In three of the eight states participation in the PCF is mandatory and in the remainder participation is voluntary. The premium rates provided by each of the insurance companies in the PCF states were adjusted by the corresponding PCF surcharge to obtain the true costs of malpractice insurance coverage in these states. PCF factors were only applied to premium rates in those states that mandate a PCF contribution.
Joint Underwriting Associations ("JUAs") were created by some legislatures during the withdrawal from the market (thereby decreasing availability) of many commercial carriers during the 1970s. JUAs are typically state government administered risk pooling insurance arrangements that provide professional liability insurance to health care providers. In some states, JUAs also maintain additional premium contingency assessments, retroactively assessing policyholders in the face of deficits. Historically, JUAs carry the bulk of the physician malpractice insurance market share in a state or the JUA potentially is the insurer of last resort. JUA premiums can be lower than other state insurance company premiums since a JUA can pass the surcharge to purchasers of other lines of insurance. However, there are two circumstances when JUA premiums can be higher than commercial insurers. First, JUAs are heavily regulated and may not have the flexibility to move with the market forces. Second, because the JUA must accept all applicants regardless of litigation history, the JUA may have to charge higher premiums.
Allied was able to obtain information from the twelve states known to have operating JUAs. None of the four states in which physicians are insured primarily through JUAs (Massachusetts, New Hampshire, Rhode Island, and South Carolina) had assessed retroactive premium adjustments. Only one JUA had assessed their policyholders a retroactive premium adjustment. This JUA, Minnesota Medical Malpractice, assessed $1.2 million in 1993. No assessment was levied in 1994 or 1995. However, the market share of this JUA in Minnesota is <1% and, therefore, is not considered a top insurer for this state. Allied did not include this assessment in their data.
The rules Allied applied for adjusting benefit levels, PCFs, JUAs, and other coding/data entry are as follows:
1. If a company/state provides premium rates as occurrence rates and provides claims-made rates conversion factors, use these factors to convert. If no factors are provided, use St.
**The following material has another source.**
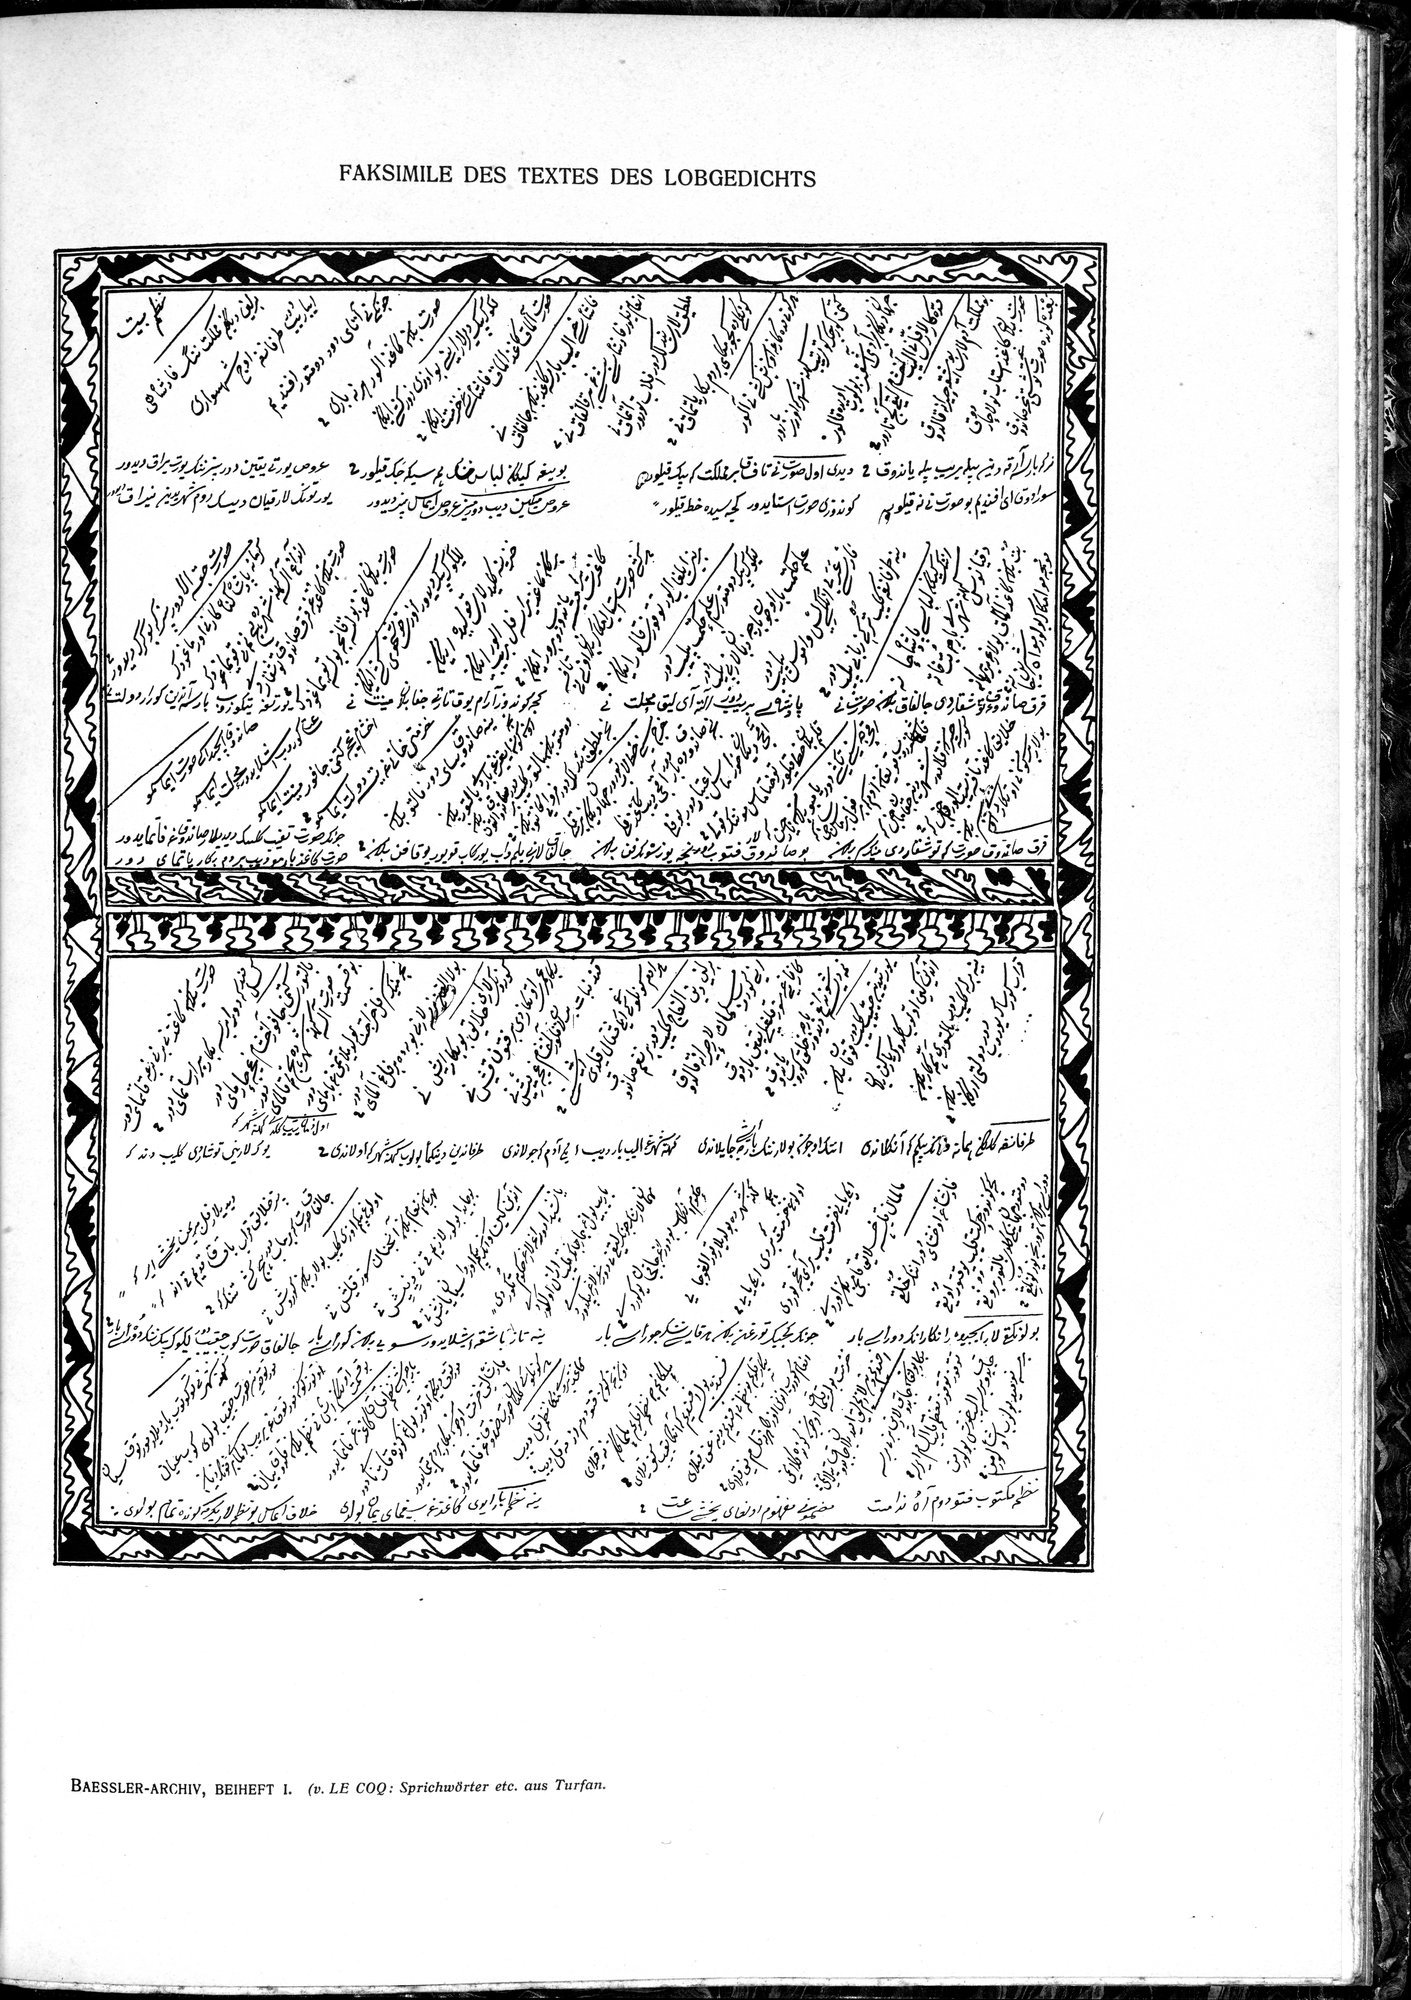 Sprichwörter und Lieder aus der Gegend von Turfan : vol.1 / Page 91 (Grayscale High Resolution Image)

Paul’s conversion factors.
2. If a company/state provides limits of liability other than $1M/$3M, and they provide adjustment factors, use these factors to convert. If no factors are provided use St. Paul’s adjustment factors.
3. In the case of PCF surcharges, if the sum of the surcharge and the required basic limitations do not equal $1M/$3M limits of liability, then use St. Paul’s conversion factor to reach $1M/$3M limits of liability.